After four years, Greenfield’s virtual school to close June 30
GREENFIELD — Nearly four years after the Greenfield School Committee voted to open the state’s first public virtual school, that same committee decided Thursday to shut it down. In a 7-0 unanimous vote, the committee voted to not submit an application to become the state’s first “commonwealth virtual school” — a public school, controlled by the state and structured like a charter school, that would teach students across Massachusetts via the Internet.
It means that the Massachusetts Virtual Academy — a three-year-old Greenfield public school that teaches 470 students, including a dozen Greenfield residents — will close June 30. The school enrolled students from around western Massachusetts, including Hampshire County.
A new law passed this January gives the Massachusetts Department of Elementary and Secondary Education authority over any future Massachusetts virtual schools. The state had agreed to grandfather Greenfield into the system, since the district has operated an “innovation” virtual school since 2010.
The law bans innovation virtual schools, which means that in order for Greenfield to keep open its Massachusetts Virtual Academy, it needed to submit an application to the state by March 25.

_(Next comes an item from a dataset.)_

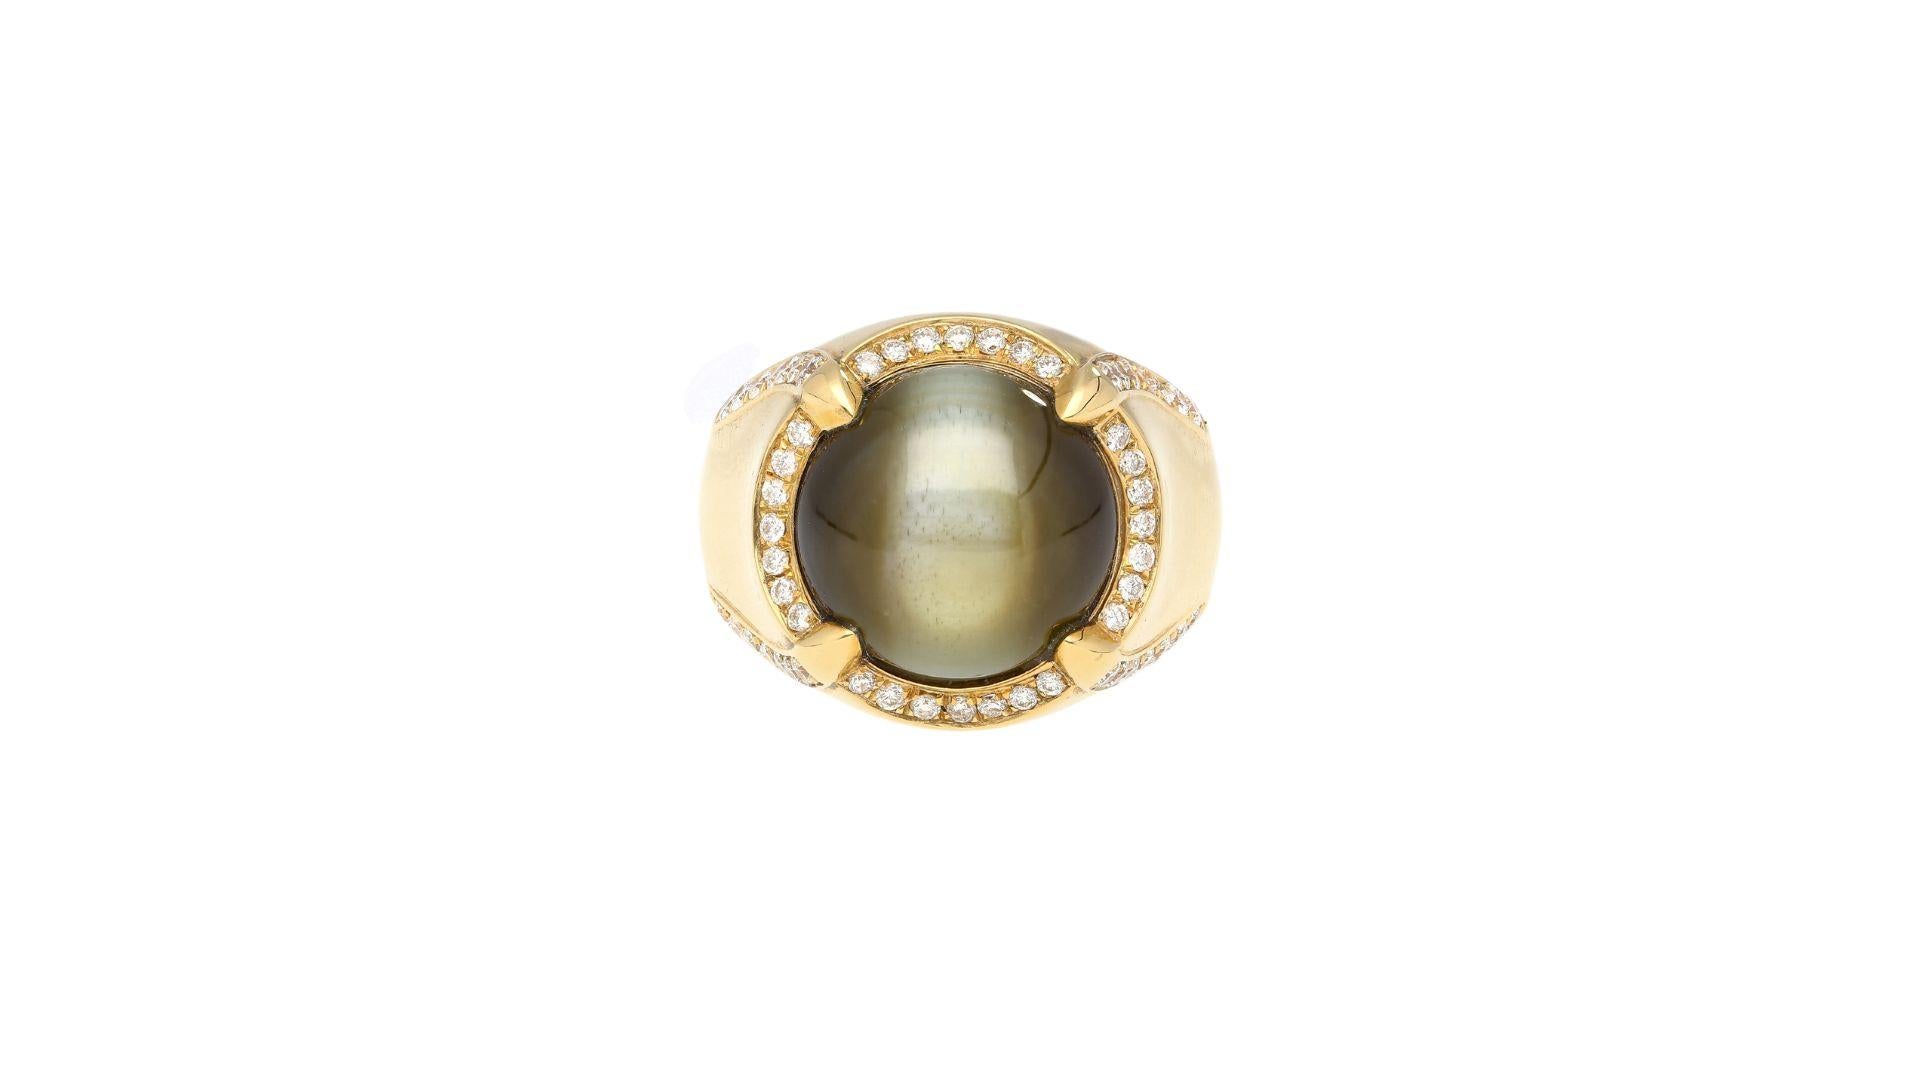 GRS Certified Chrysoberyl Cat's Eye men's ring in 18k solid yellow gold elevated setting. The center stone is a natural mined Chrysoberyl Cat's Eye, cabochon cut and displaying a wide and prominent chatoyancy (star) effect. A gemstone of that carat

A motion to submit such an application failed 5-2, with members Doris Doyle and Daryl Essensa casting the dissenting votes. Superintendent Susan Hollins, Doyle and Essensa argued that submitting an application to the state would allow the committee more time to make its decision while not losing its opportunity to operate a virtual school this fall. Hollins also suggested that the committee wait until its March meeting to make a decision to allow more time for deliberation.
But the other members said that more time would not change the fact that the school that they had operated for three years would be fundamentally different come July 1.

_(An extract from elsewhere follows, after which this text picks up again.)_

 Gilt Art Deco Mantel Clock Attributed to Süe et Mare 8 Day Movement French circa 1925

Mayor William Martin, a voting member, said that the department of elementary and secondary education is not in support of Greenfield’s school, and that he believes the state should take up the responsibility itself of running a virtual school program. Chairman John Lunt, long a supporter of the virtual school, said that the new school would essentially be a charter school, run by a separate board. It isn’t the School Committee’s responsibility to run a charter school, he said.
Sitting in the audience at the committee’s meeting was the virtual school’s principal Carl Tillona, head program administrator Ryan Clepper and K12 senior director of school development Lorna Bryant.
Greenfield contracted with K12, a for-profit online education company that provides teachers, curriculum, online learning tools and physical course materials for the district’s virtual school.
The three left silently after the vote took place.
Proponents of the school said it served a student population that, for a variety of reasons — ranging from athletic and artistic endeavors to adverse neurological or biological conditions — cannot attend a “brick-and-mortar” school.
Tillona, hired to the post last month, said he was disappointed the school was not continuing.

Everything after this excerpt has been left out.